Problem statement.
Reproduce only what runs from the line containing "iot and big data infographic" to the line containing "heating lamps for turtles" in the records below, inclusive. Keep it exact, and keep the pictures out.

━━ The data ━━

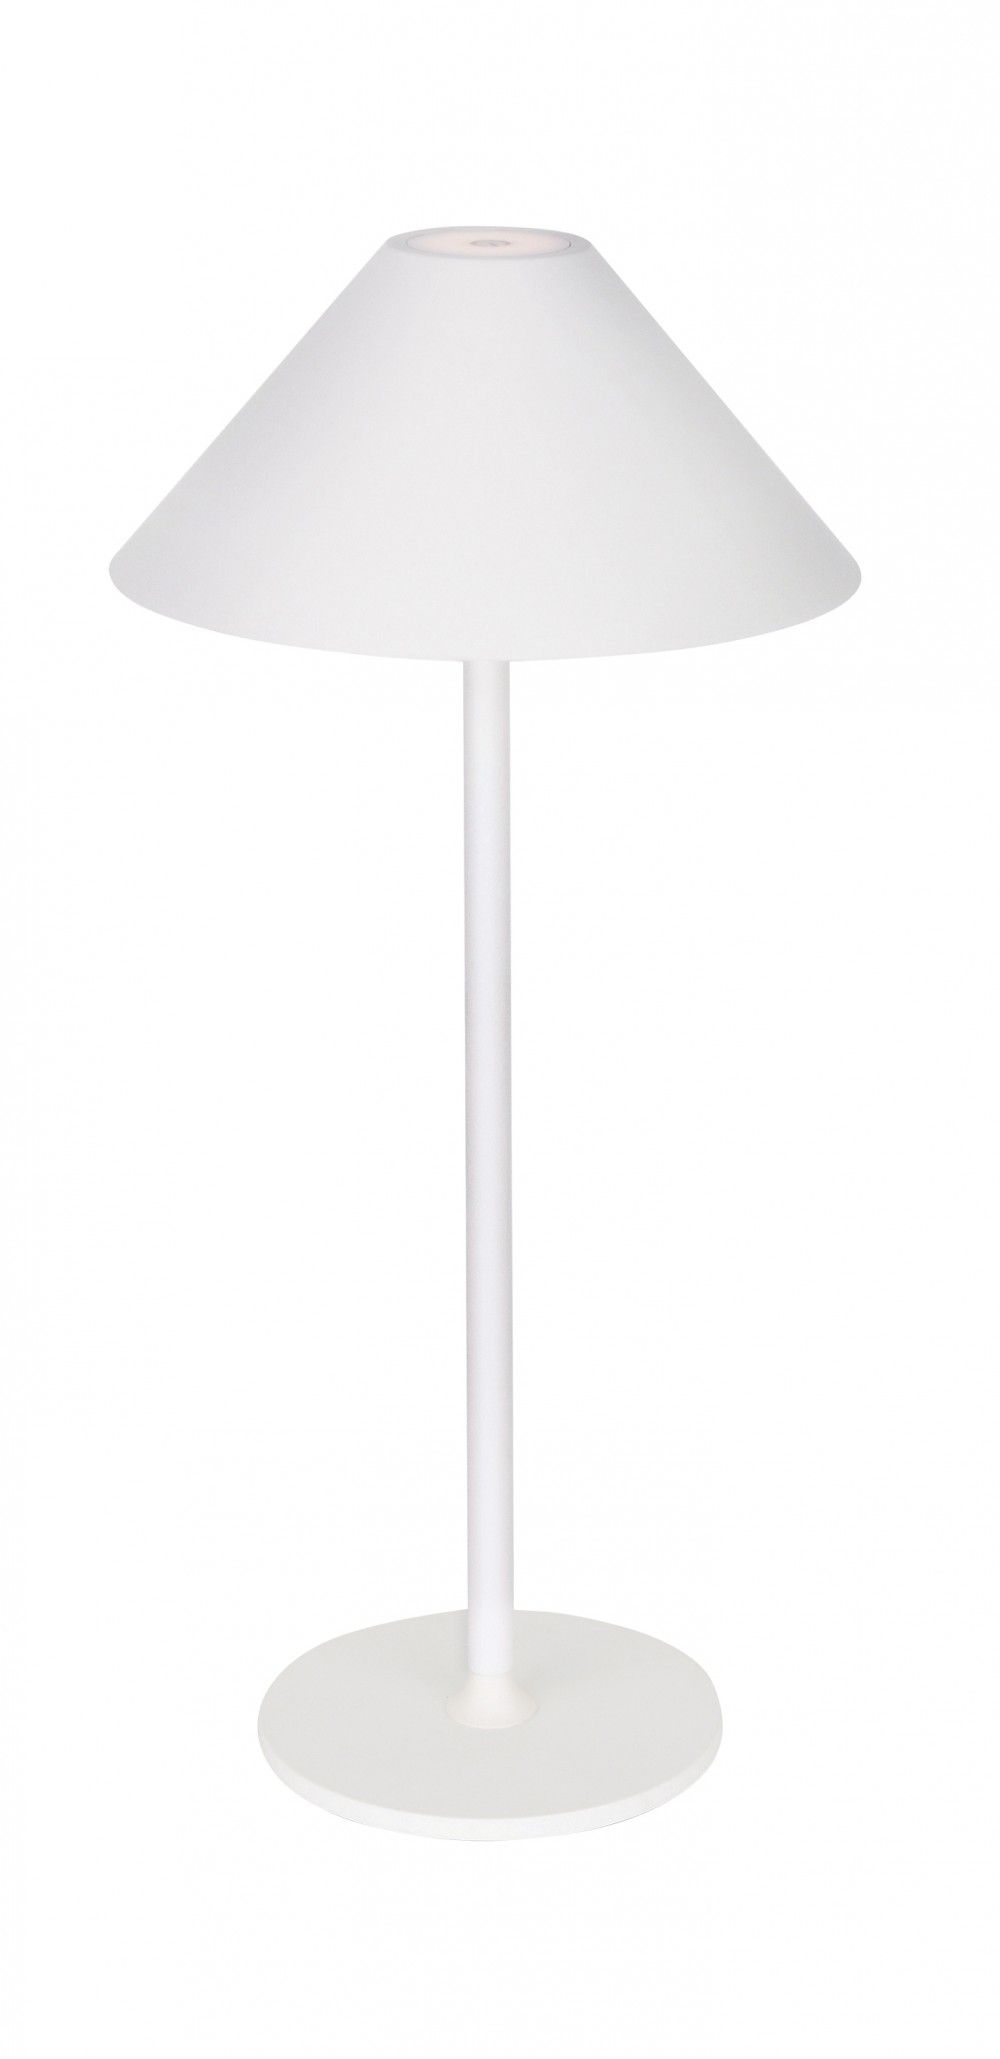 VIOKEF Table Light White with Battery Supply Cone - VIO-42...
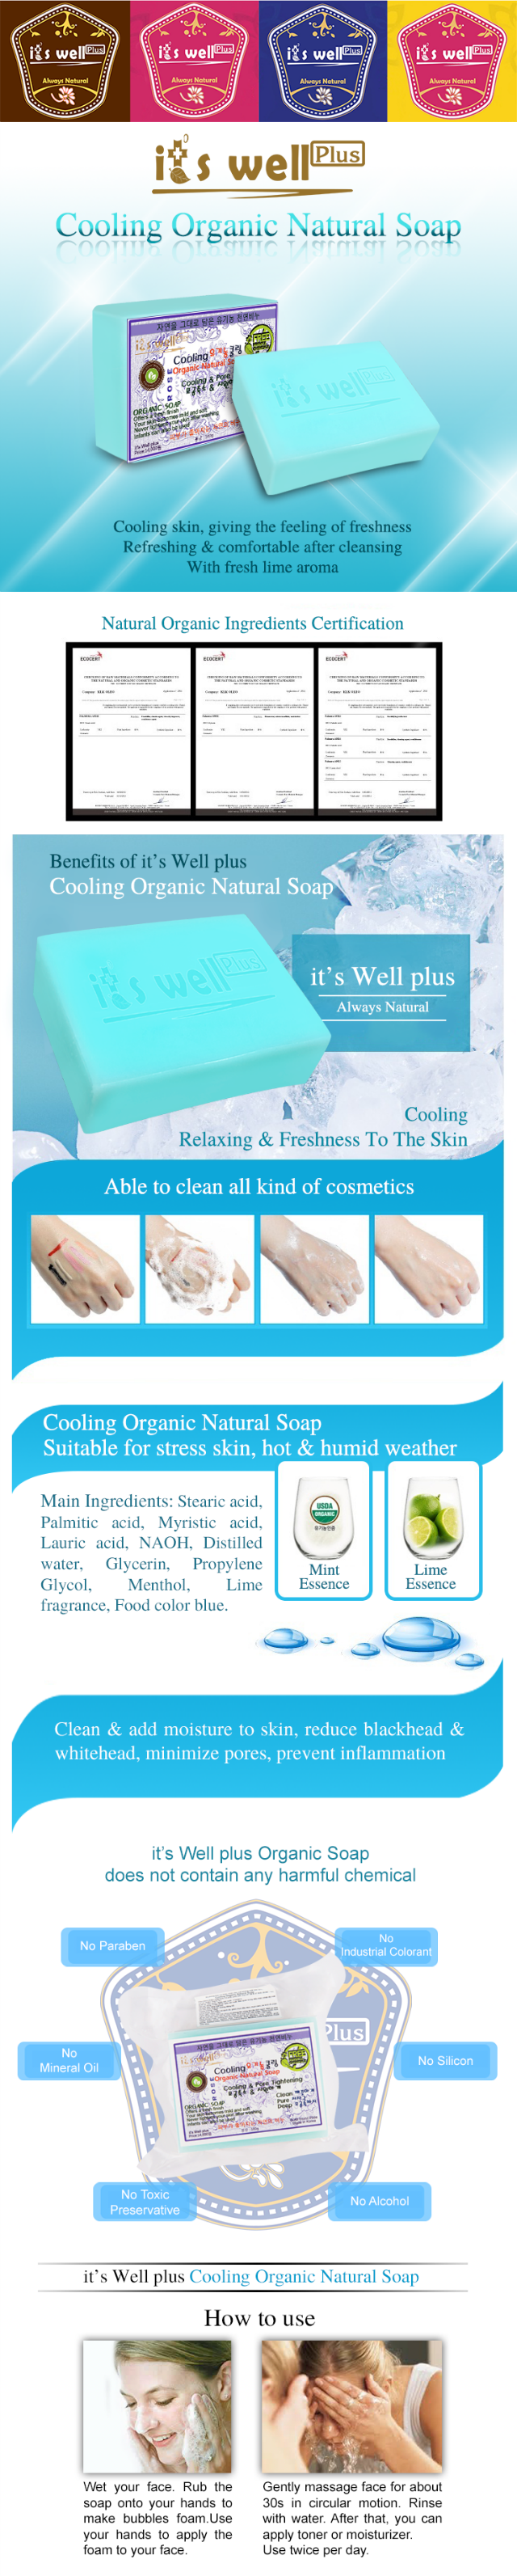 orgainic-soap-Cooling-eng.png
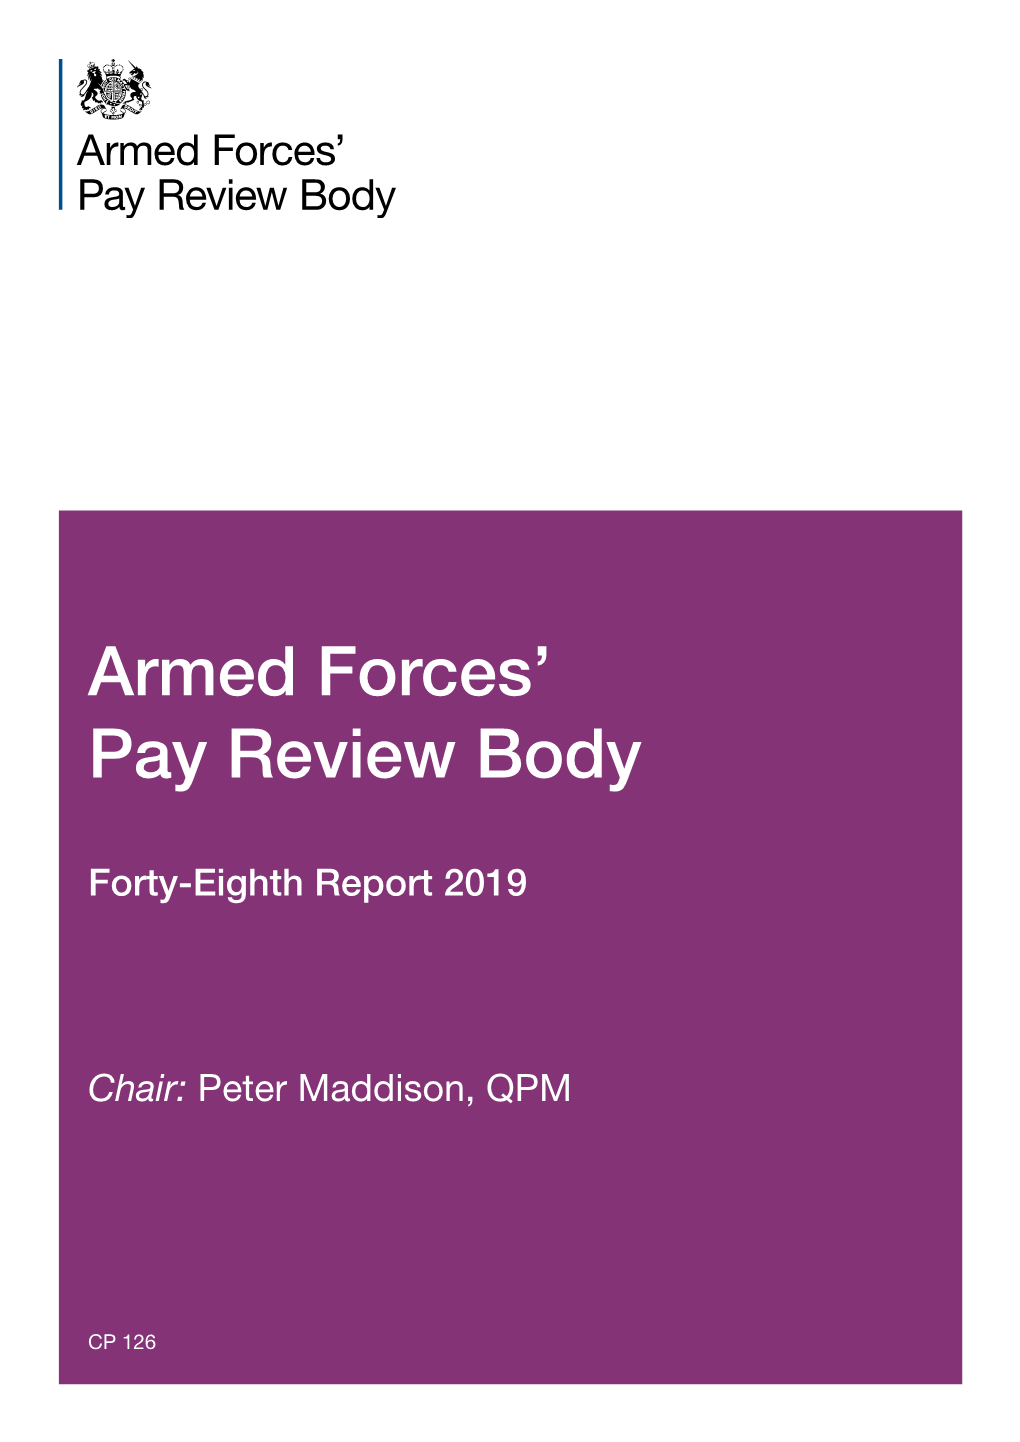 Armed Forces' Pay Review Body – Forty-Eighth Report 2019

━━━
━━ The data ━━

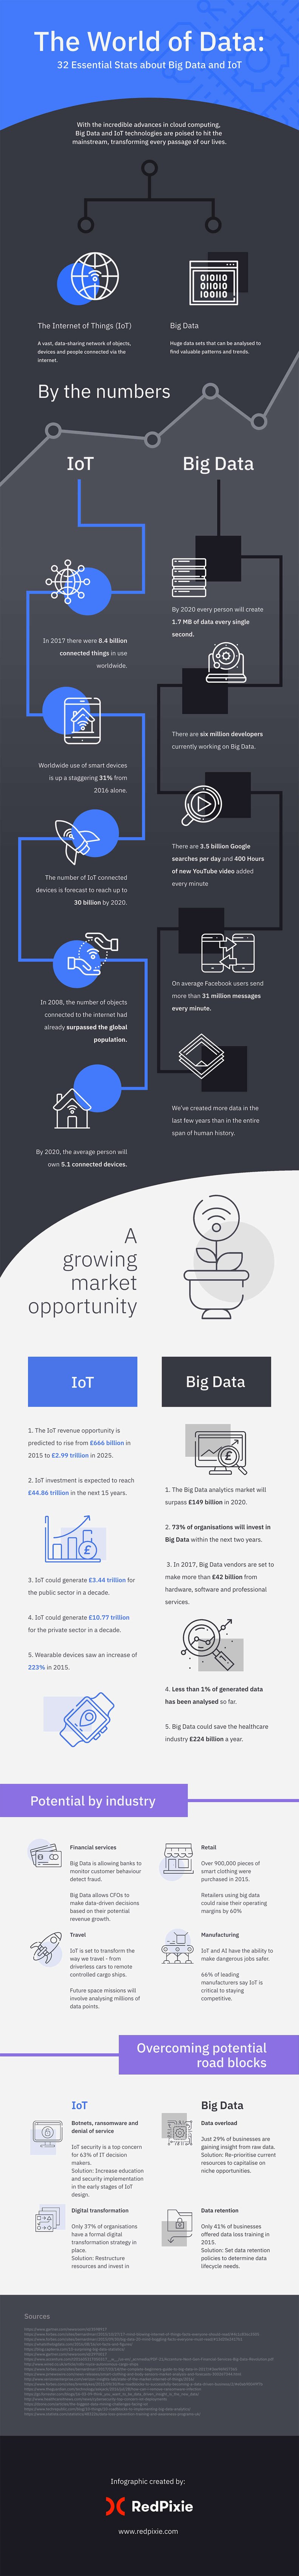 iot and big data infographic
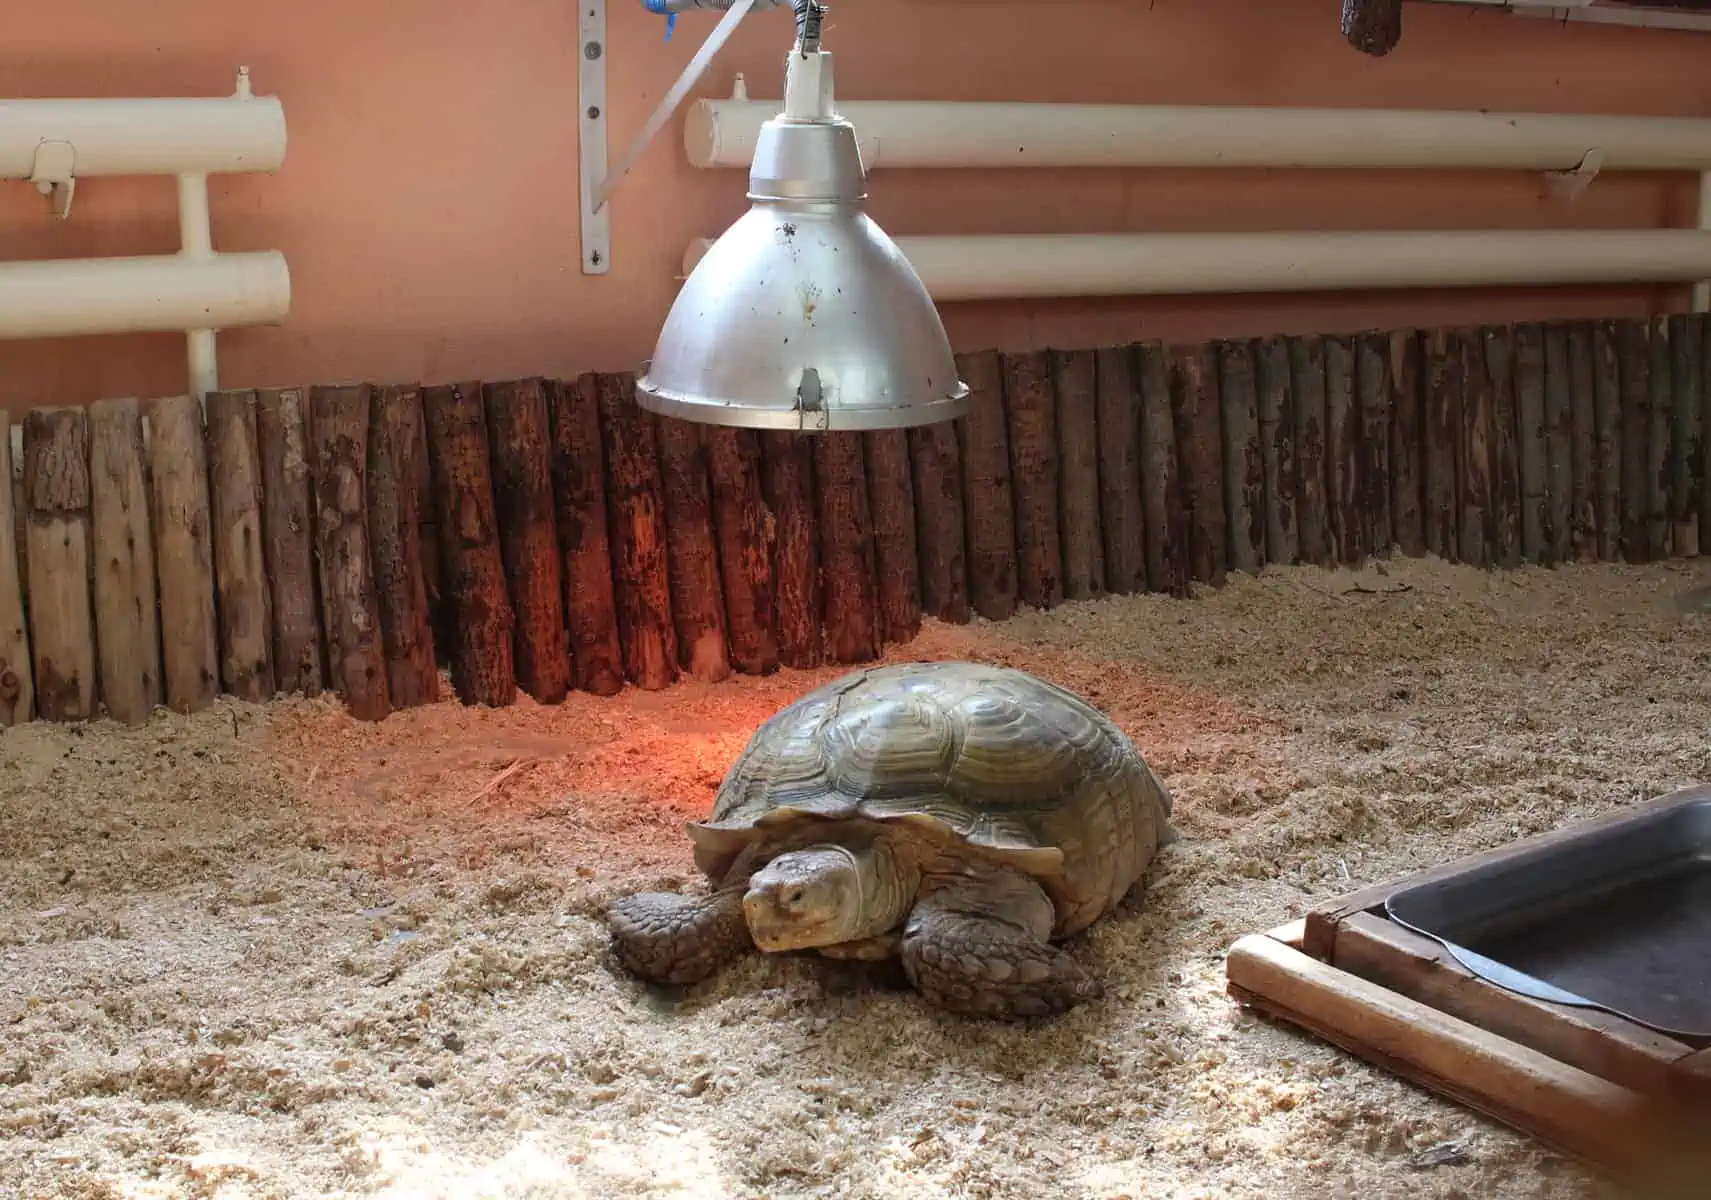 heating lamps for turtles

━━━

Response to this task.
 iot and big data infographic
 heating lamps for turtles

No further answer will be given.